- Information shown:
────

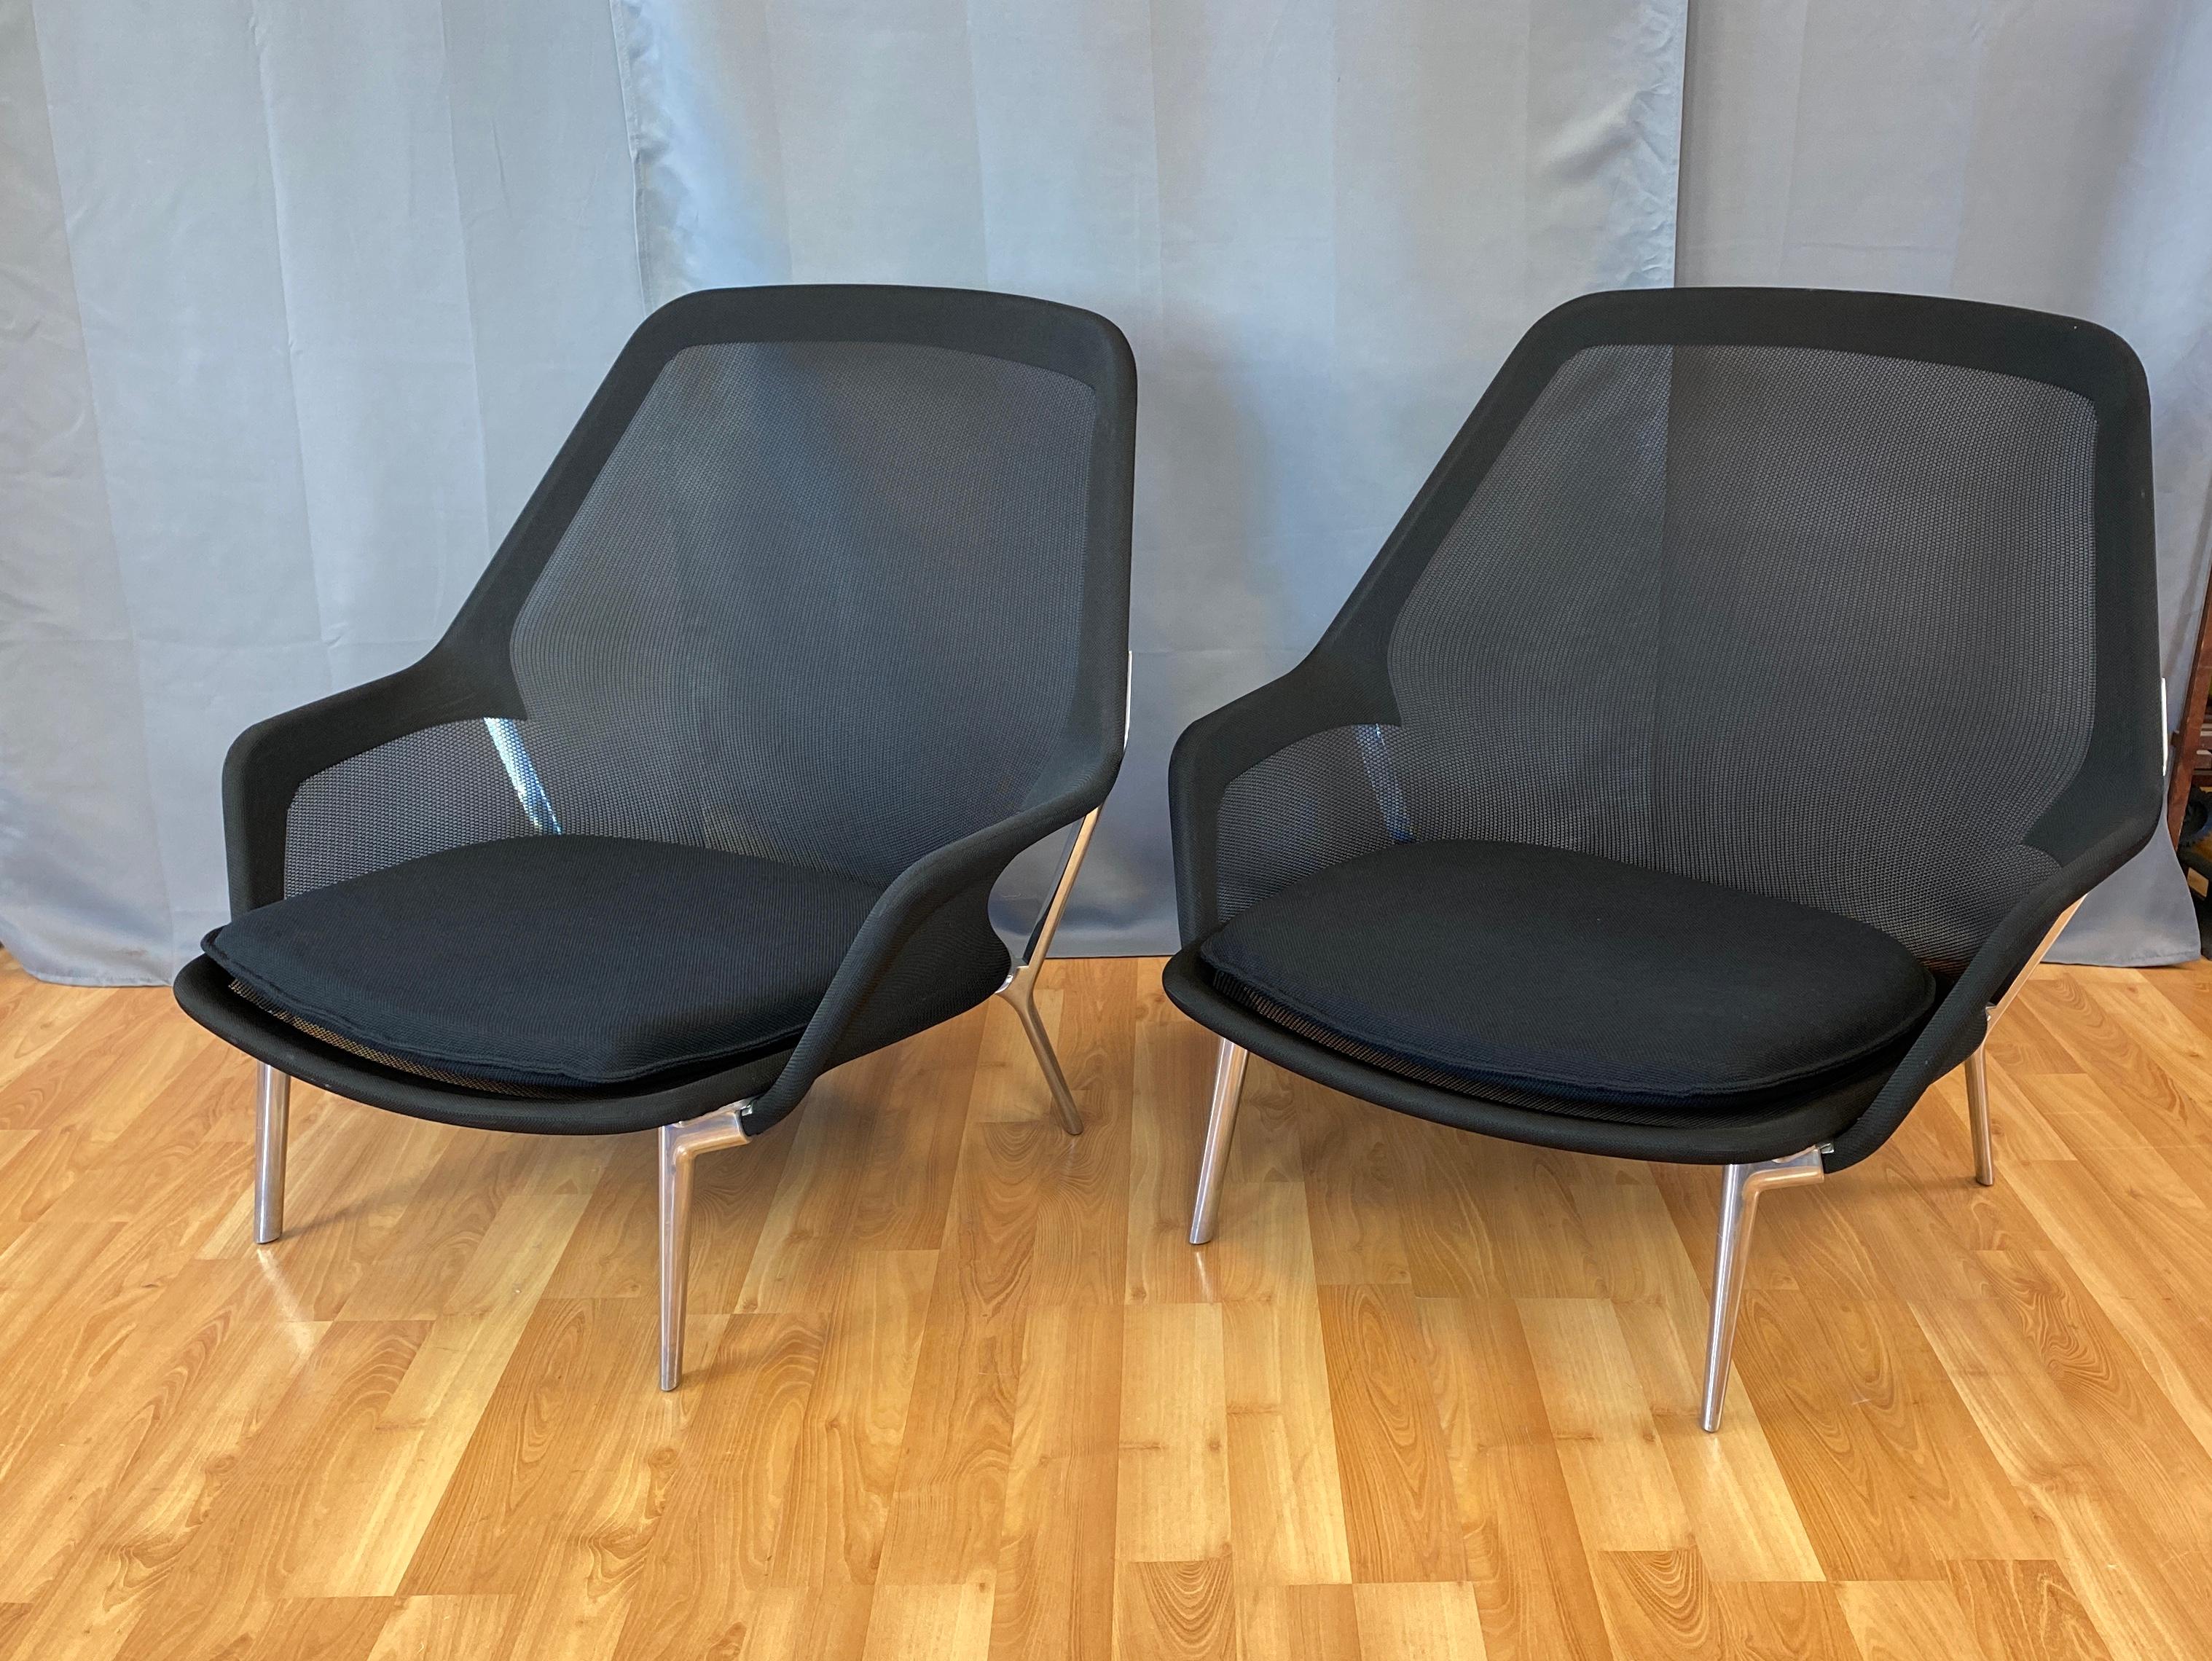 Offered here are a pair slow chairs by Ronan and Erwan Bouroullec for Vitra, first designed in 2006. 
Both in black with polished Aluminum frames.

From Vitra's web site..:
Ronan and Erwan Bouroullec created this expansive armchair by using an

────

Only the pictures are to be left out, and all of the data must otherwise be transcribed exactly.

- Result for this exercise:
 Offered here are a pair slow chairs by Ronan and Erwan Bouroullec for Vitra, first designed in 2006. 
Both in black with polished Aluminum frames.

From Vitra's web site..:
Ronan and Erwan Bouroullec created this expansive armchair by using an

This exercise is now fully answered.